- Type: NHS board
- Established: 1 April 2004
- Headquarters: 37 South Beach Stornoway HS1 2BB
- Region served: Outer Hebrides
- Hospitals: St Brendan's Hospital; Uist and Barra Hospital; Western Isles Hospital;
- Staff: 821 (2017/18)
- Website: www.wihb.scot.nhs.uk

= NHS Western Isles =

Health board serving the Outer Hebrides, Scotland

NHS Western Isles (NHS nan Eilean Siar) is an NHS board serving the Outer Hebrides (Western Isles) of Scotland. It is one of the fourteen regions of NHS Scotland. NHS Western Isles is responsible for providing primary and secondary healthcare to the 26,000 people in the Outer Hebrides. It employs over 1,000 staff (excluding GPs and dentists).

NHS Western Isles NHS has three hospitals. The largest is the Western Isles Hospital, a rural general hospital located in Stornoway. It was opened in 1992 with a range of hospital acute specialities, psychiatry and care of the elderly. Some consultant led services are provided in the Western Isles hospital by consultants based in mainland hospitals. The hospital also includes diagnostic facilities, day hospital, laboratory and Allied Health Professionals and other services.

The Uist and Barra Hospital is located in Benbecula, and was opened in 2001. It provides a local service for the population of the Southern Isles. The hospital has 29 beds, and provides care of the elderly, GP Acute and Midwifery led maternity services. Many of the Consultants from the Western Isles Hospital, and some from mainland Boards, visit the Uist & Barra Hospital to provide outpatient services.

St. Brendan's Hospital, with five beds, is located in Castlebay on the Isle of Barra and is in a shared building with a Local Authority Residential facility. It is supported by the local GP Practice to provide care of the elderly and other services.

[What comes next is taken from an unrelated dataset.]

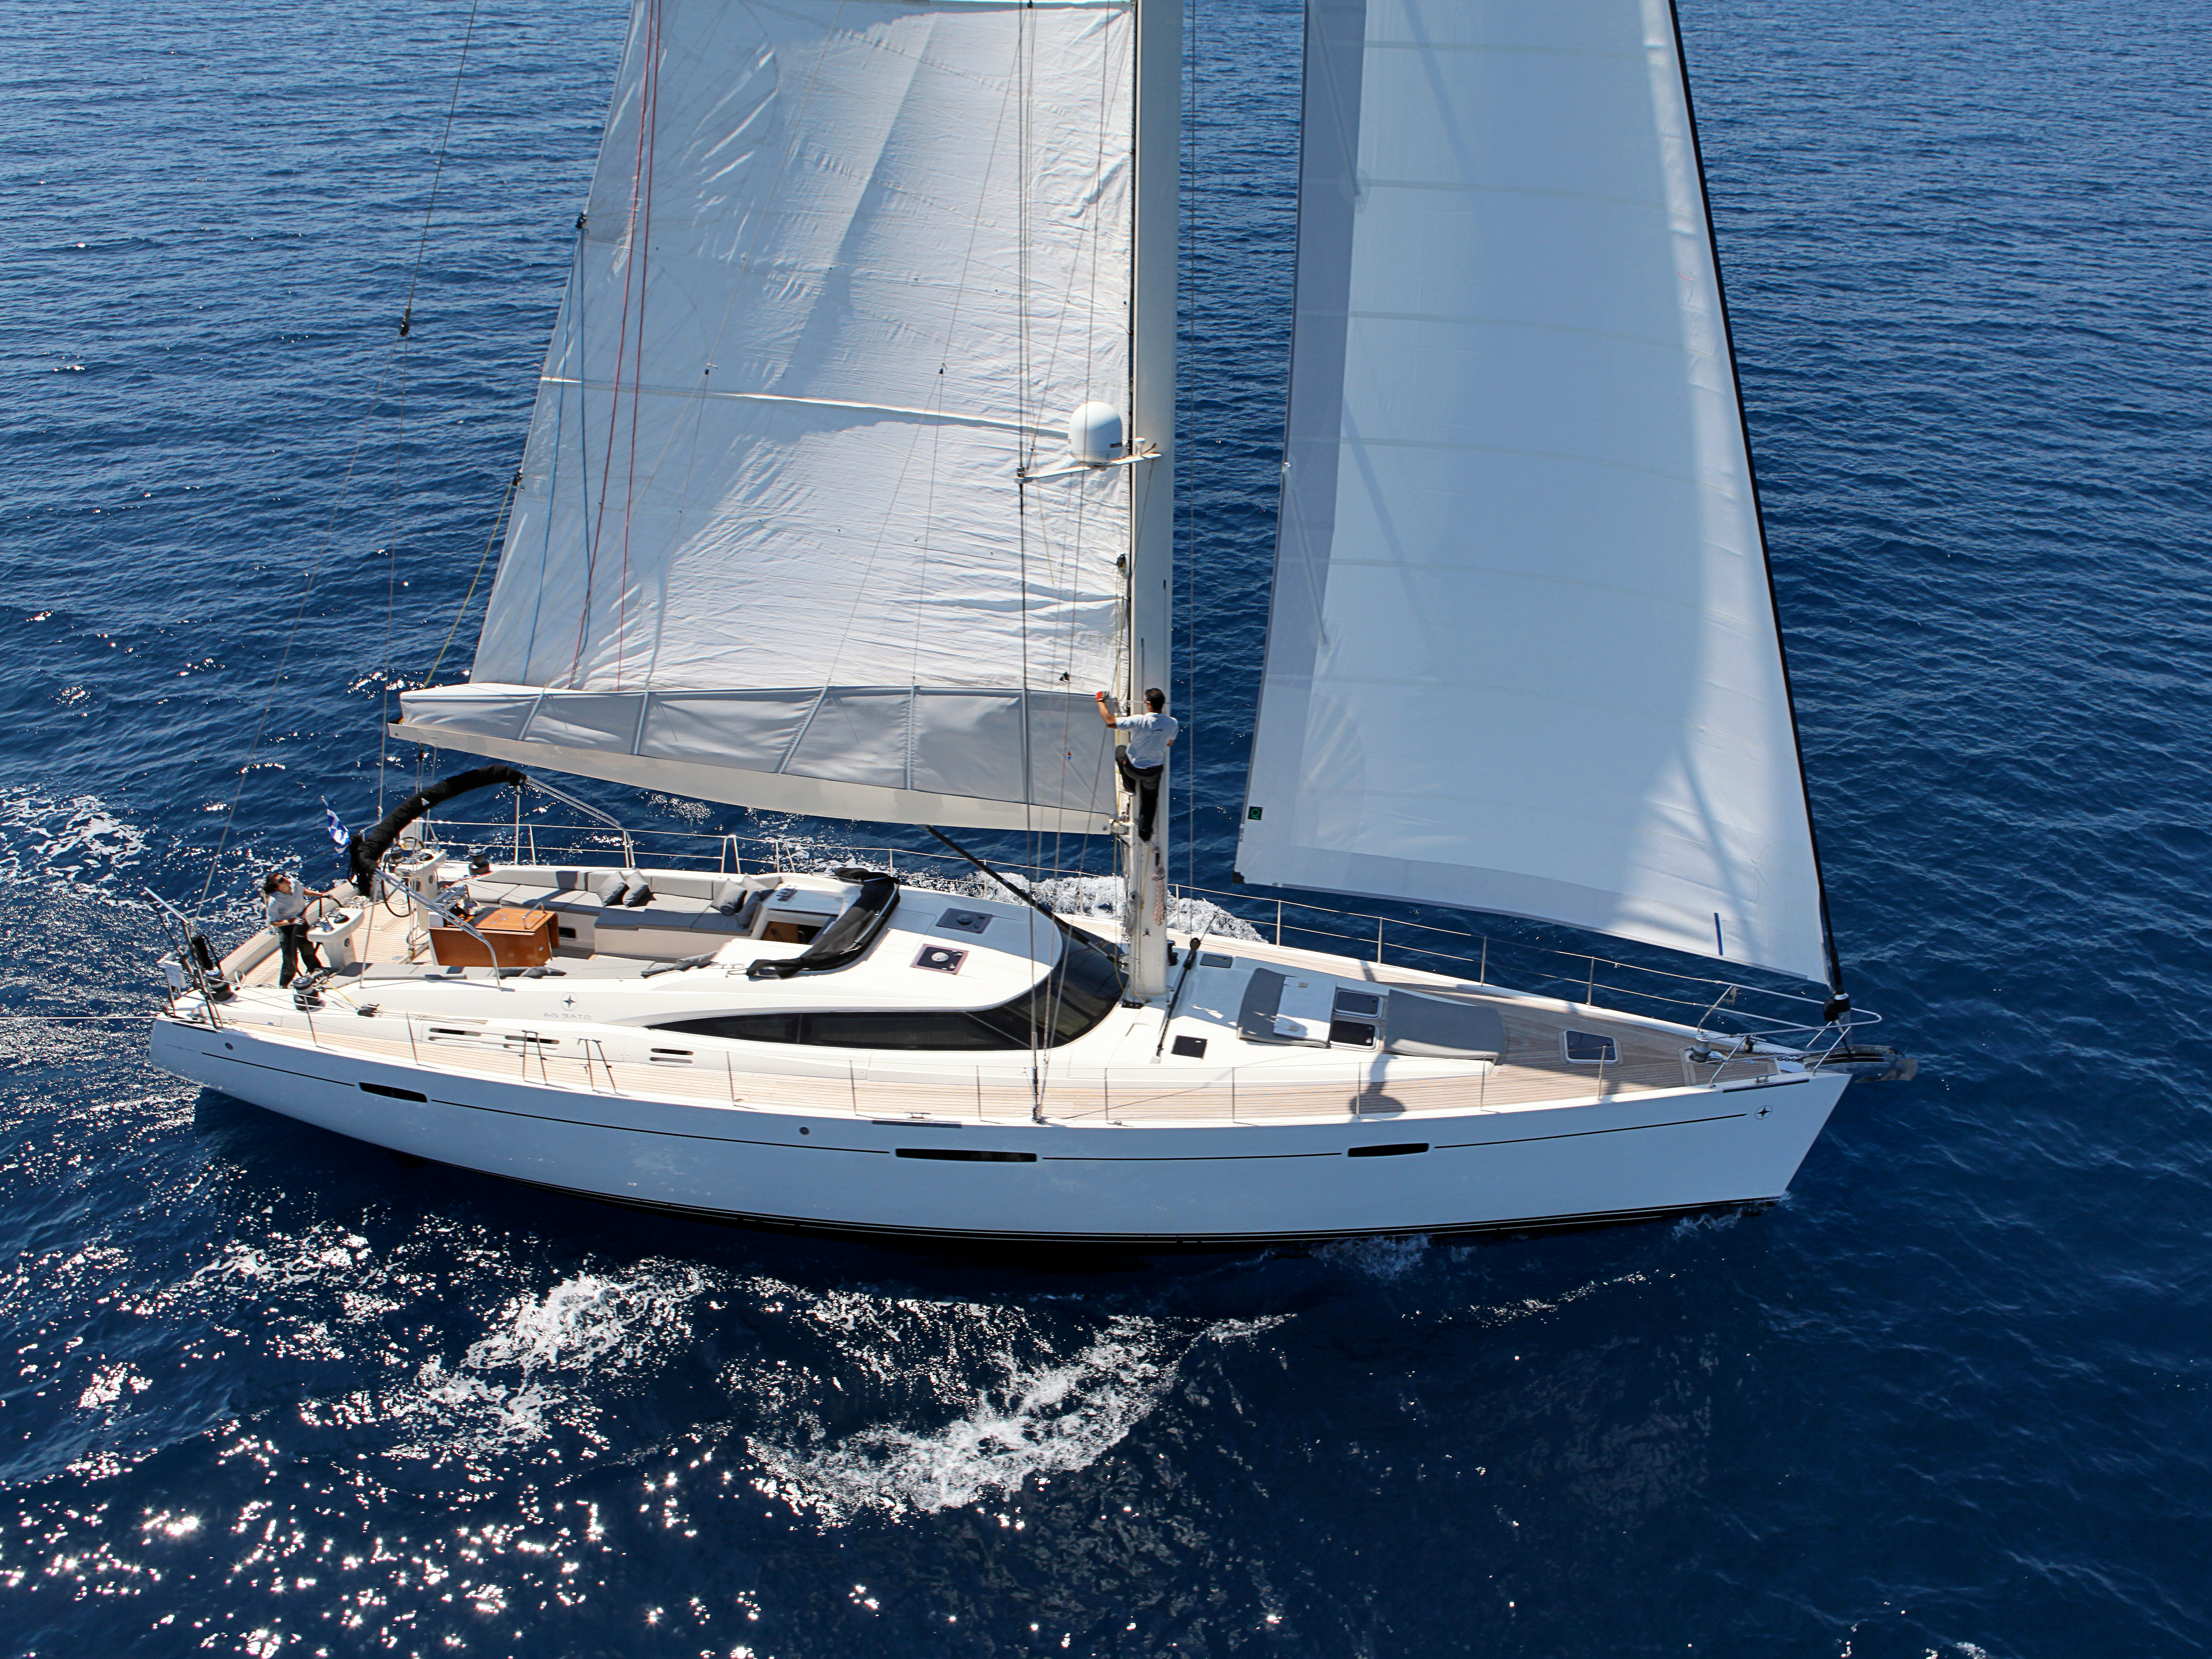 Gianetti Star 64 - Luxury yacht charter Greece & Boat hire in Greece Athens and Saronic Gulf Athens Hellinikon Agios Kosmas Marina 1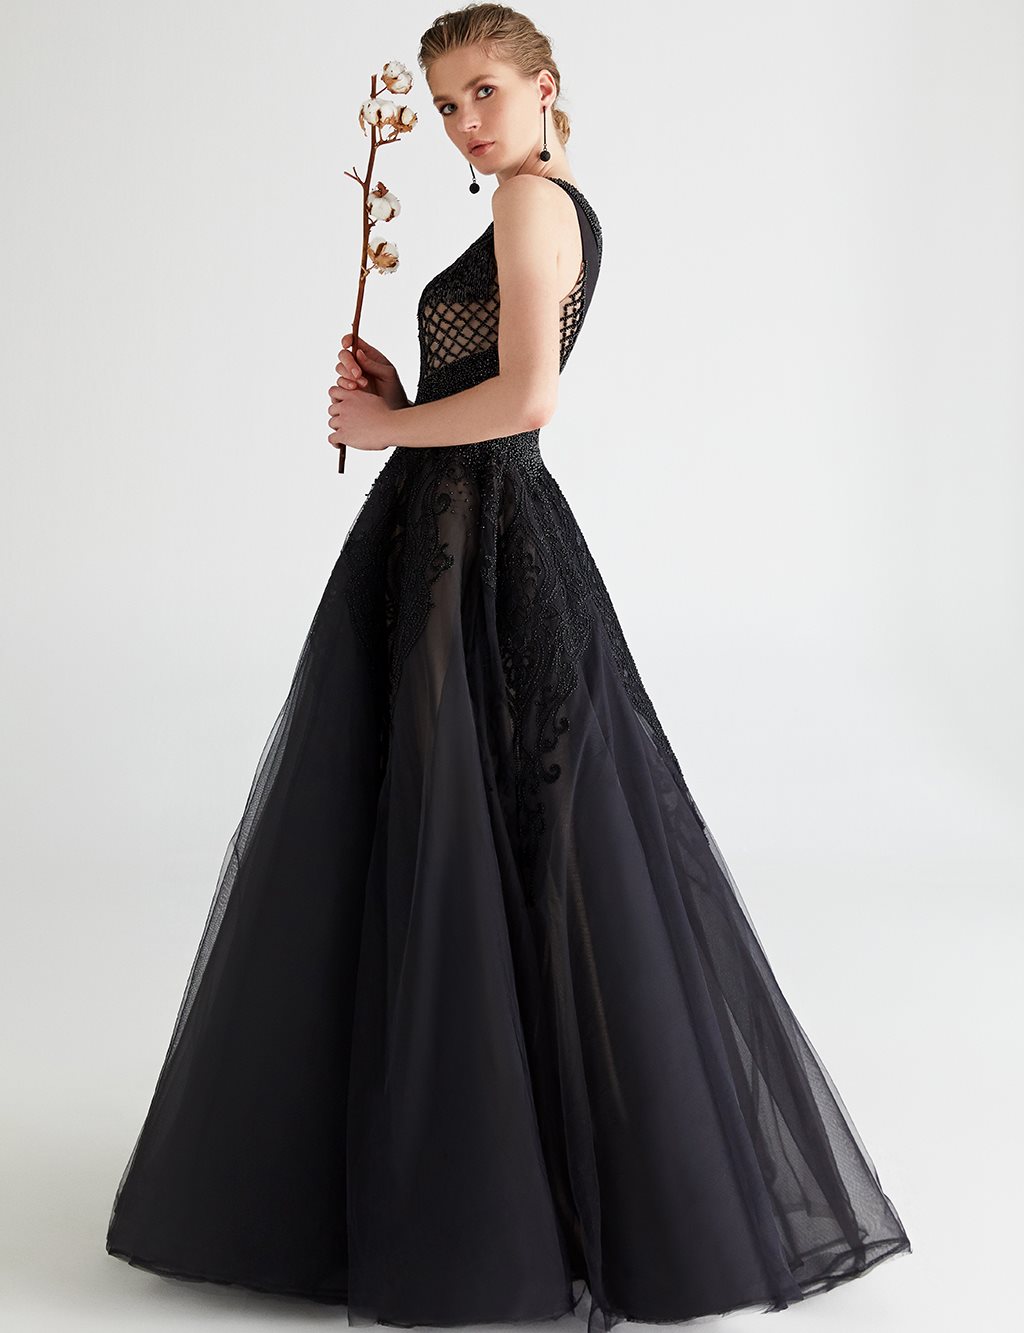 TIARA Tasseled, Embroidered Evening Dress B9 26096 Black

General practitioners from nine different GP practices provide services at fourteen sites across the Western Isles.

The Western Isles Dental Centre is located in Stornoway, adjacent to the Western Isles Hospital; the dental centre opened In December 2010.

The board has a Baby friendly initiative award, presented to staff in both hospital and community divisions in June 2015.

In 2011, the health board spent over £2.1 million in a year on flights alone for patient travel, equivalent to £80 per individual served out of the 26000 strong population.